Furthermore, since each individual transaction is tracked, there is no need for different operating personnel to use different cash trays 112, as any discrepancies between the contents and data about the transactions can be tracked to an individual operator. This can also be used to detect:
- If a particular operator is making fraudulent or erroneous transactions;
- Performance metrics about how quickly operators complete transactions and the like.
In the examples discussed above, the generation of a list of combinations includes a limit on the number of cash tokens involved in a transaction. However, in some scenarios, a large number of cash tokens may be added or removed from the cash tray 112. For example, if a compartment 138 is emptied or refilled, a large number of cash tokens may be added at once, from a bag.
The maximum number of tokens in the list of possible combinations may take this into account, and be larger than the maximum number of cash tokens that can be added or removed in any situation.
Alternatively, the PoS system 500 may be arranged to receive a notification (for example through user input) that one or more compartments 138 are being emptied or refilled.

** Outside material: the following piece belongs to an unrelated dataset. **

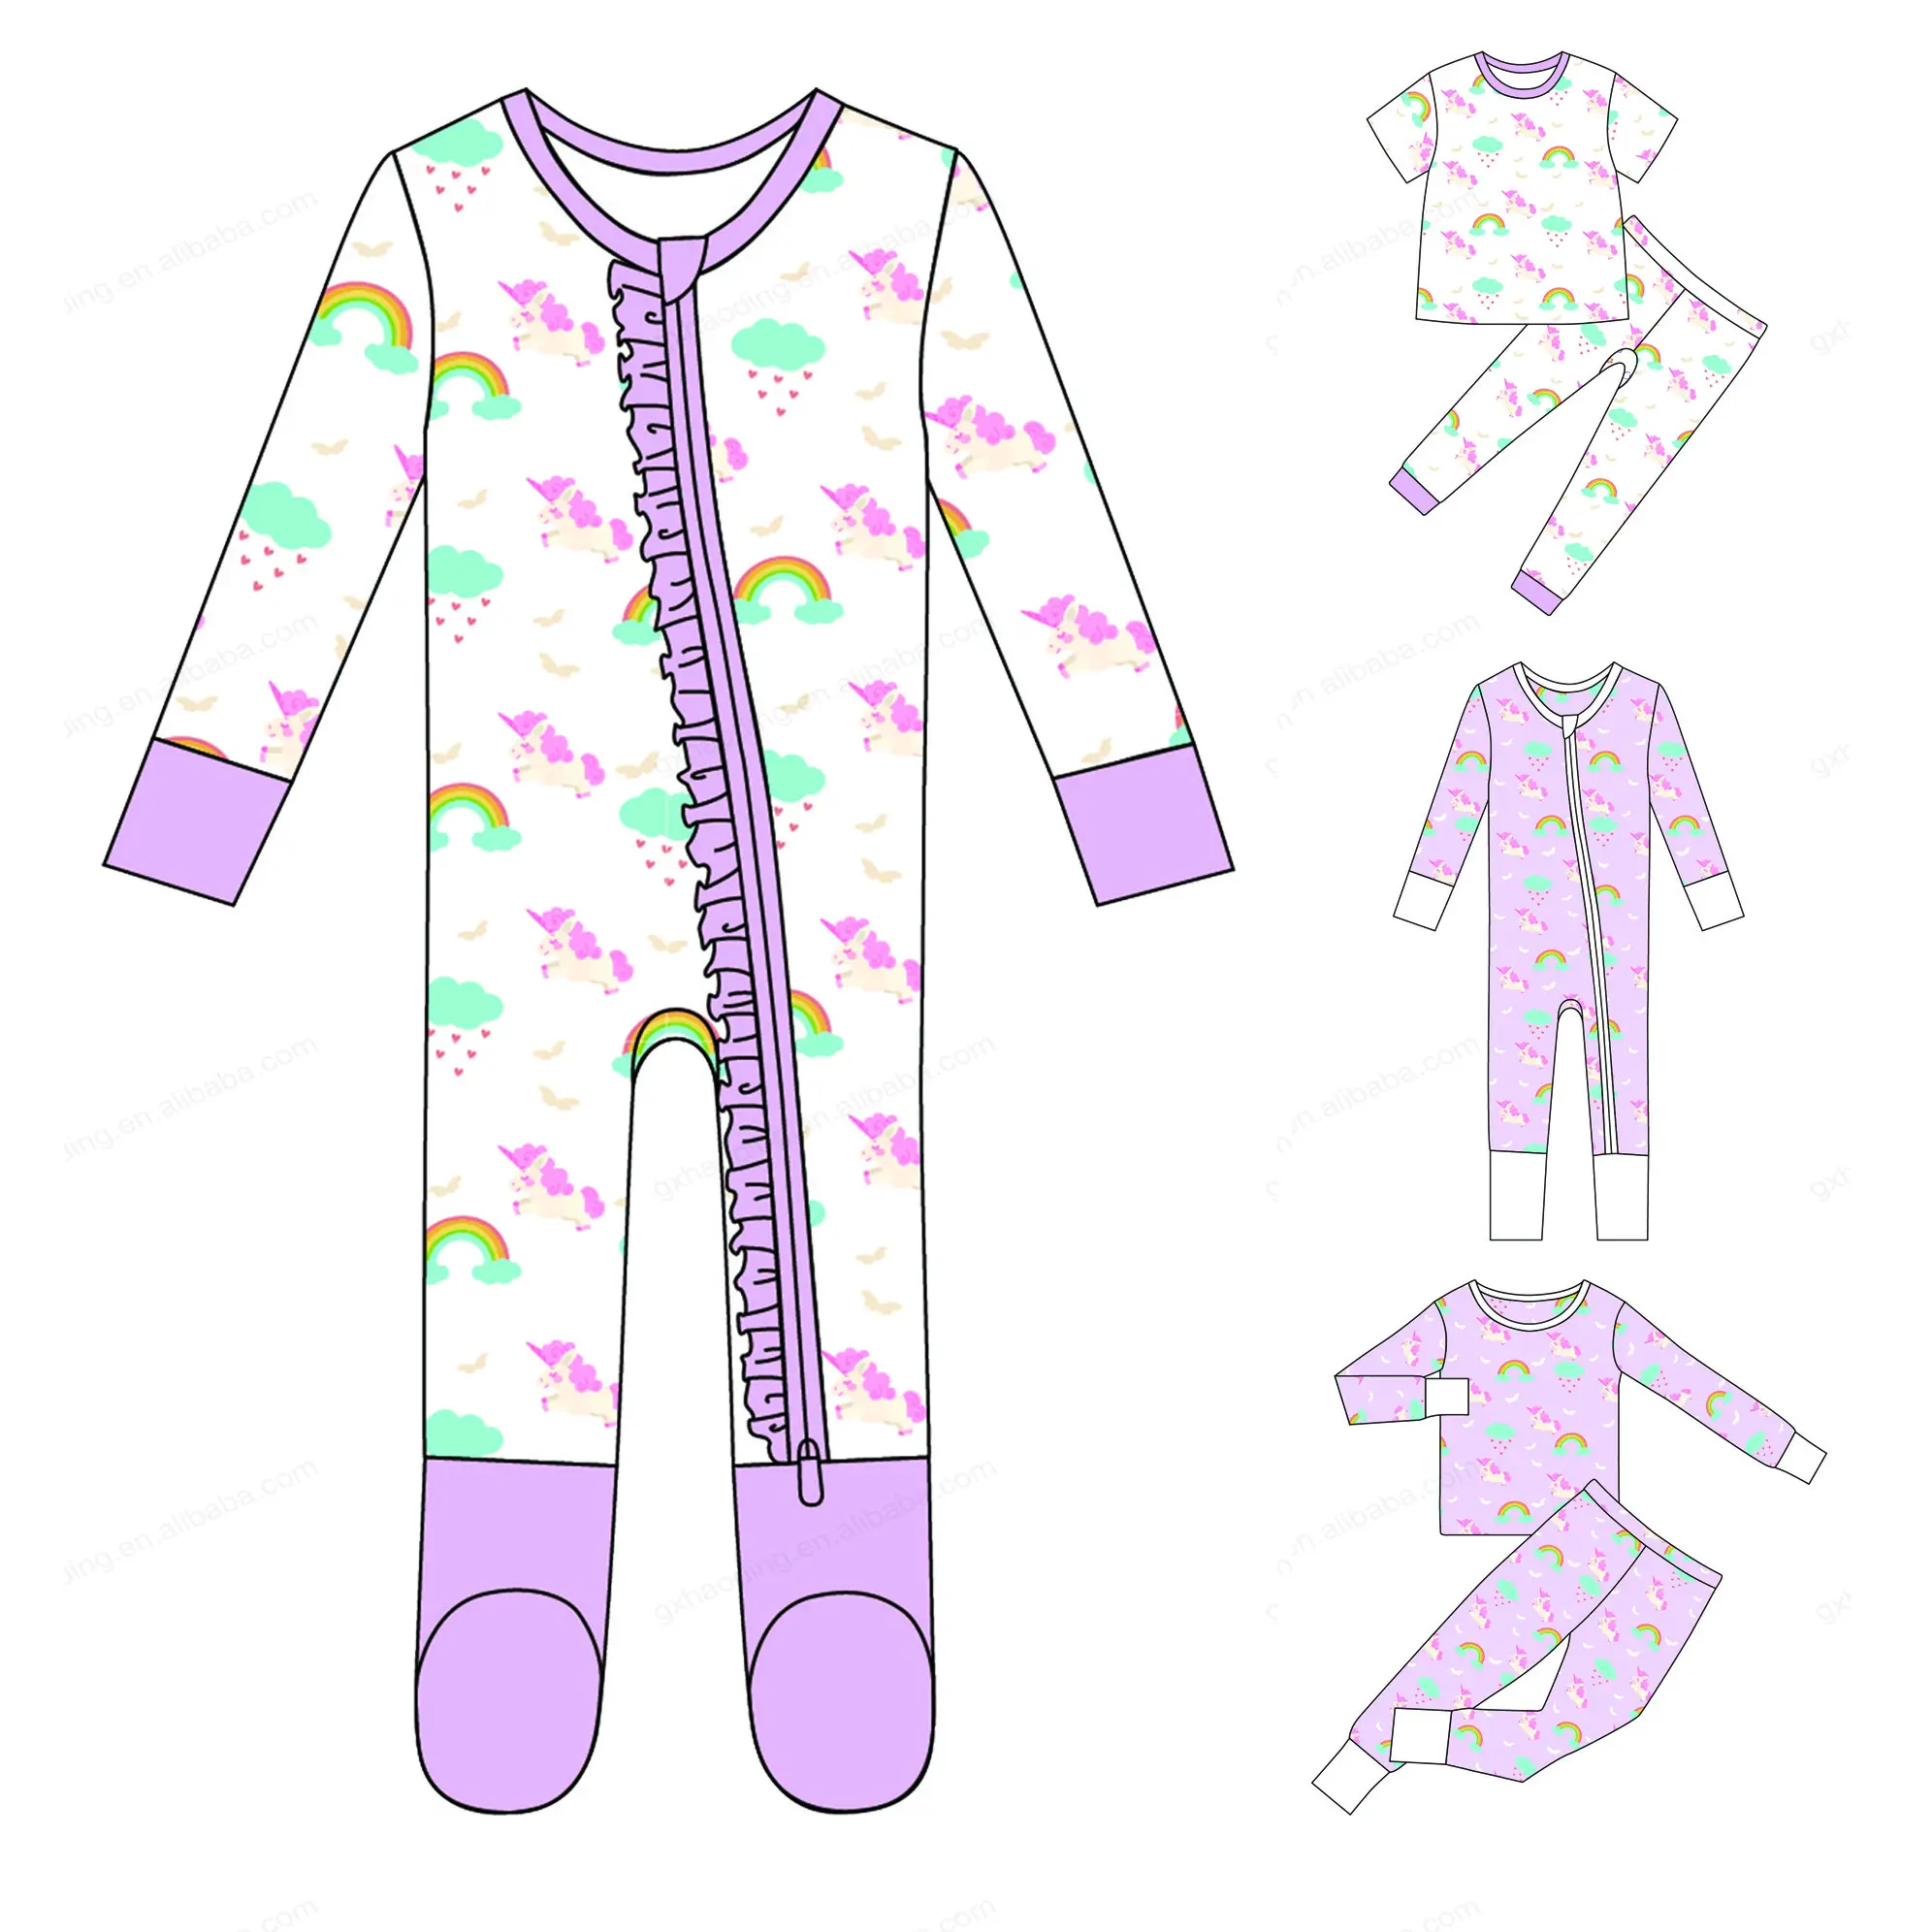 Muestra gratis de ropa de dormir de bambú impresa personalizada bebé ajustado unicornio Convertible Footie pijamas de bambú bebé mameluco Niña

This may either temporarily suspend the limit, or suspend the automatic tracking of the content, and instead allow a manual update of the contents.
It should further be noted that the list of generated event combinations may also include combinations that include user errors, for example placing a cash token in the wrong compartment. In this way, errors can be included. Furthermore, if an error is detected as being likely (e.g. the most probable combination), a warning may be provided during the transaction to allow an operator to correct the error.
It will be appreciated that the methods discussed above can be implemented with any of the PoS systems 500 discussed. Furthermore, the design of cash drawer 100, including a lid 102c, is by way of example only, and the above system and methods could be implemented with any PoS design (for example with a cash drawer 100 that slides in and out).
Furthermore, the above systems and methods can be implemented with coins and/or notes. Furthermore, the coins and notes may be provided in the same cash tray 112, or in different cash trays 112.
It will be appreciated that the above methods may be performed locally, by the controller 512 of the PoS system 500, or at a central location, or distributed between the two.
The mounts 122, force sensing devices 124 and cash tray 112 are compatible with existing PoS system infrastructure 500 (e.g. the drawer 100 is of standard size), and so existing PoS systems 500 can be upgraded to be as described above.